GratefulHead · 28/09/2014 14:03

Yeah savvyblonde, you know the answer to that don't you?

Leave the relationship you are in and your job....you can have the same as the OP.

Hint...you will also need (like the OP) to be in a violent relationship leaving you with no option but to leave with your children to safeguard them.

Is it acceptable to you that she claims benefits in her situation? Or should we say "no sod it....you and your children can suffer"?

oh and as you obviously haven't read the thread either (like several other folk frothing at the mouth), the OP clarified that she does not in fact have a spare £900 a month. Hope that helps.

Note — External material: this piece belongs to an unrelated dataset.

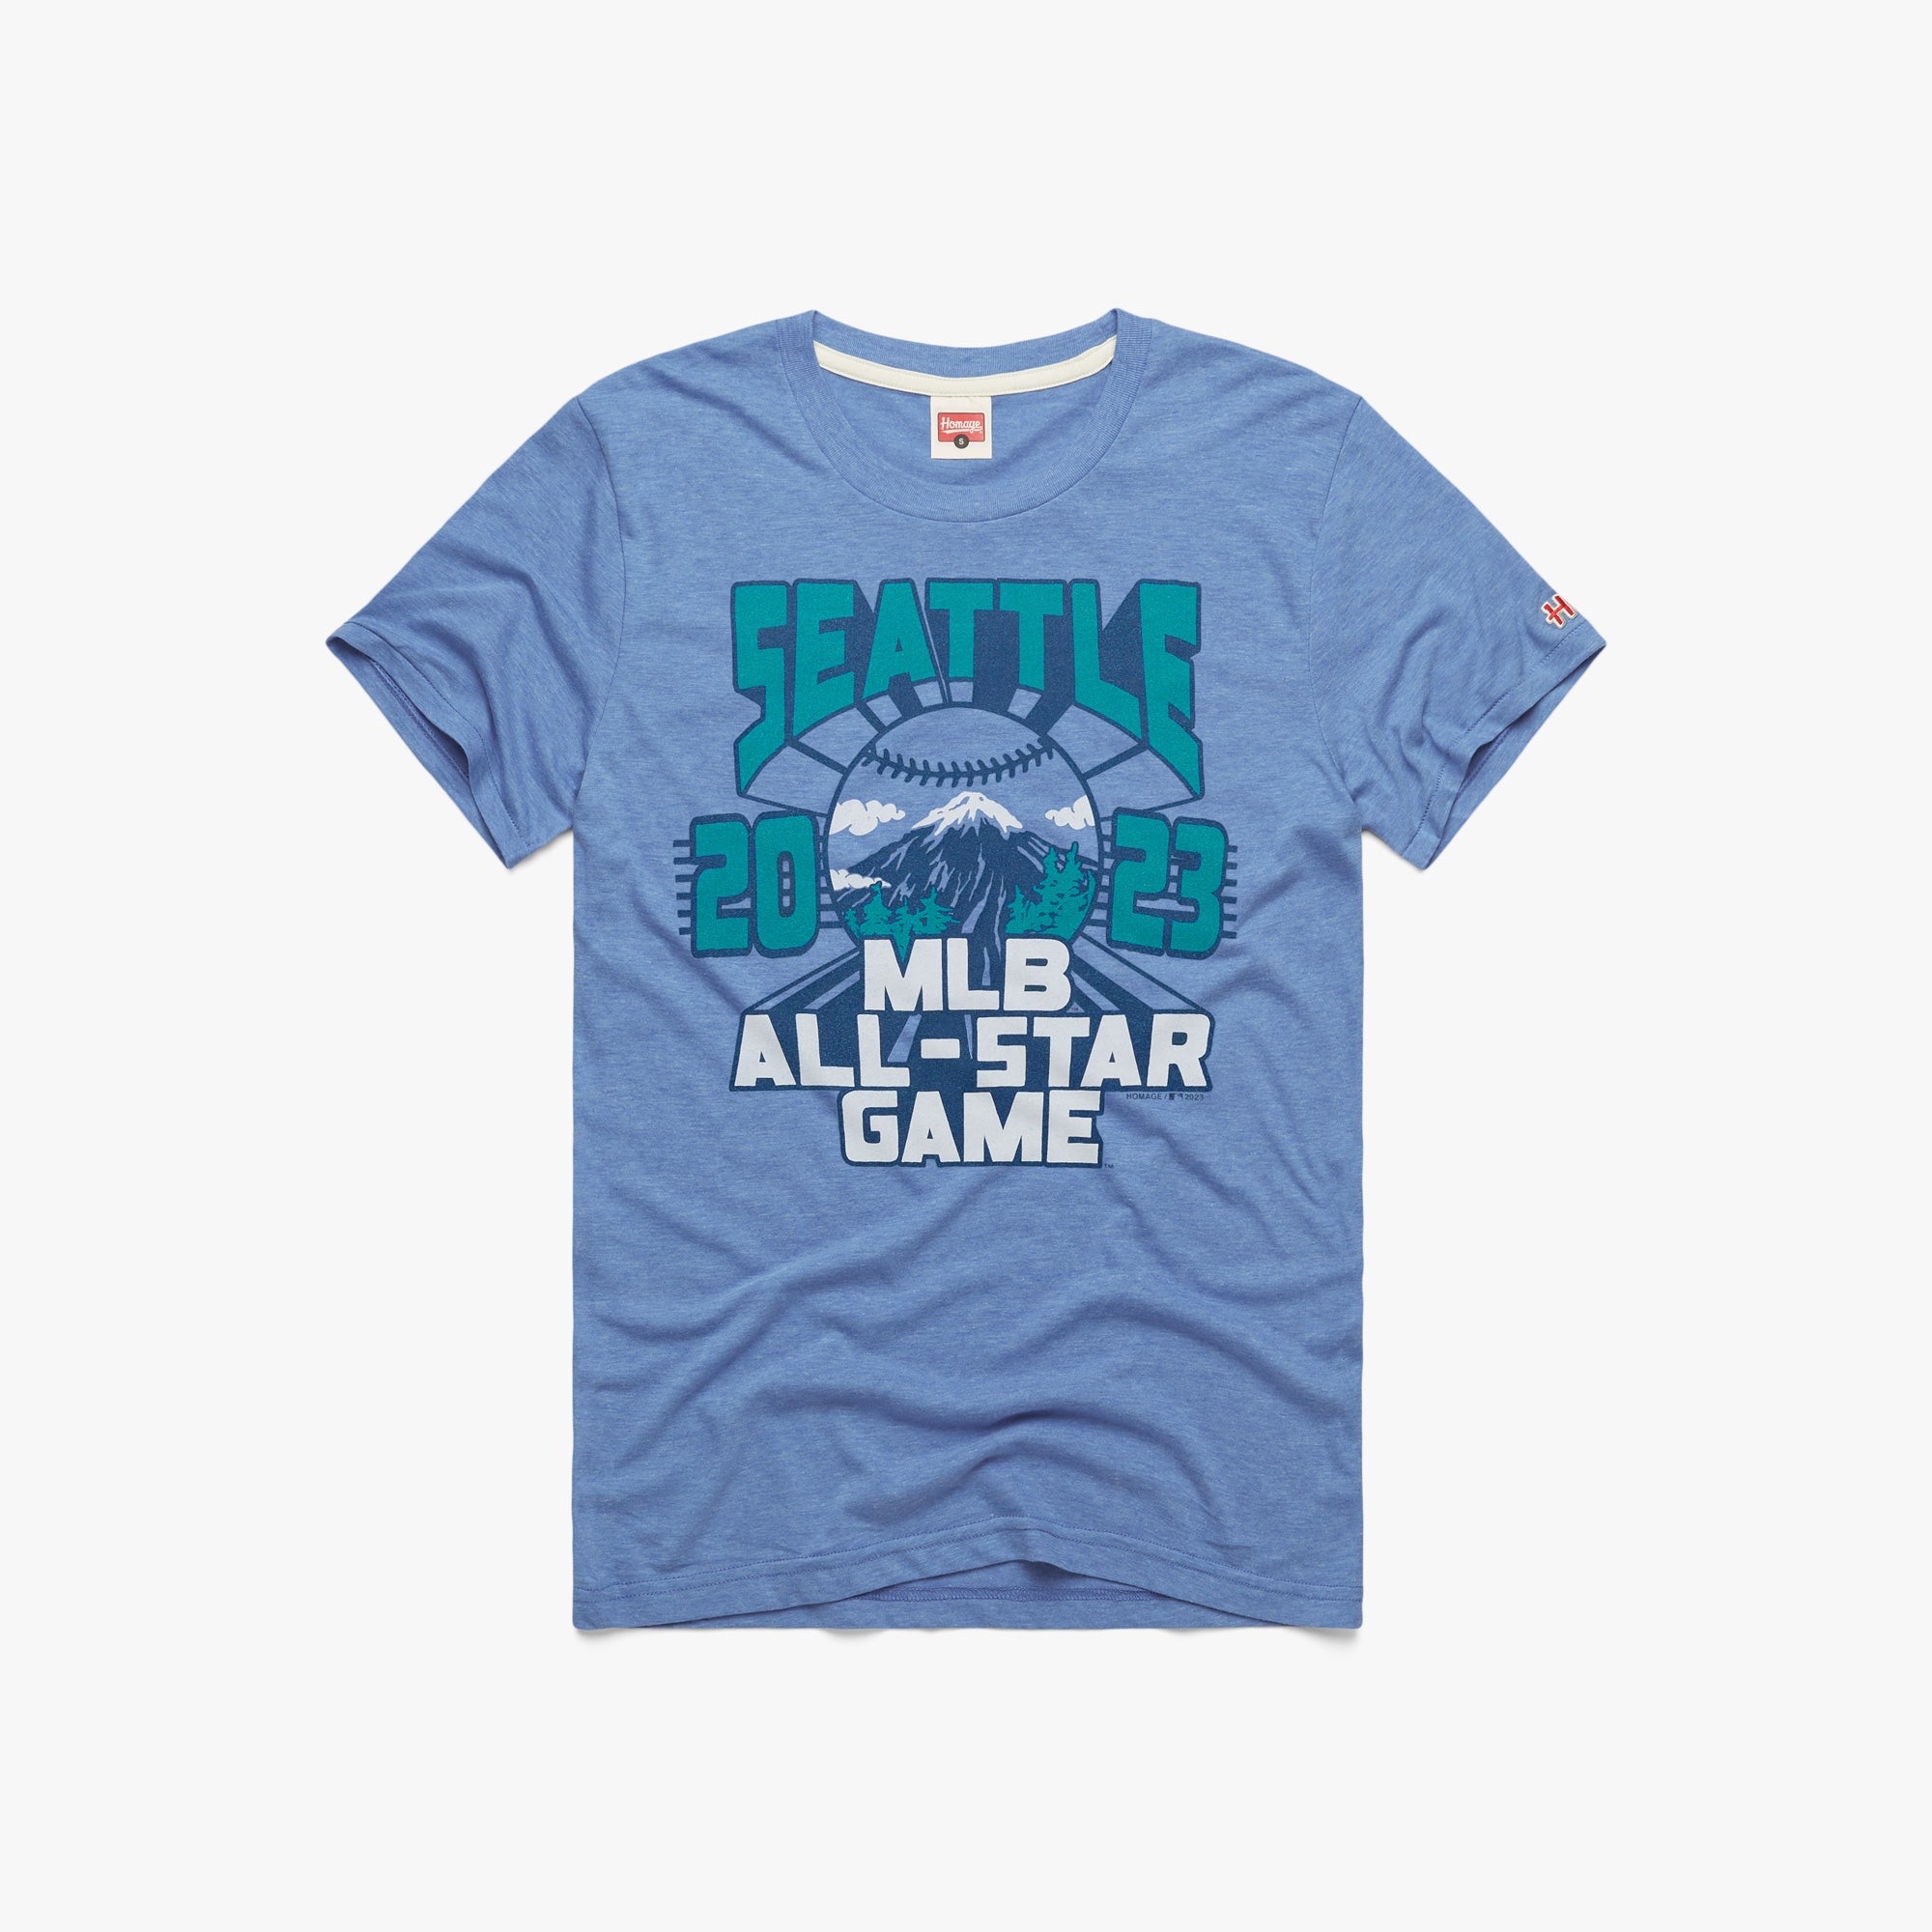 Tổng hợp 58 MLB all star game shirt siêu hot  trieuson5

GratefulHead · 28/09/2014 14:05

Greengrow you hVe been on this thread for some time now. You KNOW as well as I do that the OP has left an abusive relationship.

Is it okay with you if she claims benefits while she gets her life back together?

GratefulHead · 28/09/2014 14:06

...and your key phrase in your previous post was "up to £30k".

Most people in benefits will see nothing like that amount....ever.

TheHoneyBadger · 28/09/2014 14:38

and again - that teacher is paying for a good pension (deferred gratification), she is paying for childcare that will lessen hugely very soon, she is paying off students loans that will end and god knows what else is coming out to turn 37k into 1800 a month - presumably she's deducting her housing (which may be a mortgage - again a massive investment for the future).

it doesn't compare.

TheHoneyBadger · 28/09/2014 14:42

after tax 37k equates to £28,114.72 net pa and £2,342.89 net per month.

TheHoneyBadger · 28/09/2014 14:43

she'll also get the same child benefit as the OP gets and ctc/wtc/child care element if she qualifies so it also isn't the sum total of her income and again we're not comparing like with like.

ArsenicFaceCream · 28/09/2014 15:03

after tax 37k equates to £28,114.72 net pa and £2,342.89 net per month.

That sounds better. I was trying to do different student loan repayment calcs in my head in between talking to the DC, but nothing accounts for £542 gap pcm.

ArsenicFaceCream · 28/09/2014 15:09

Greengrow you've talked a lot about the need to frighten people into £13kpa jobs.

Don't you think £13kpa is just too low a wage for any FT job? Isn't that what's wrong with the wage economy?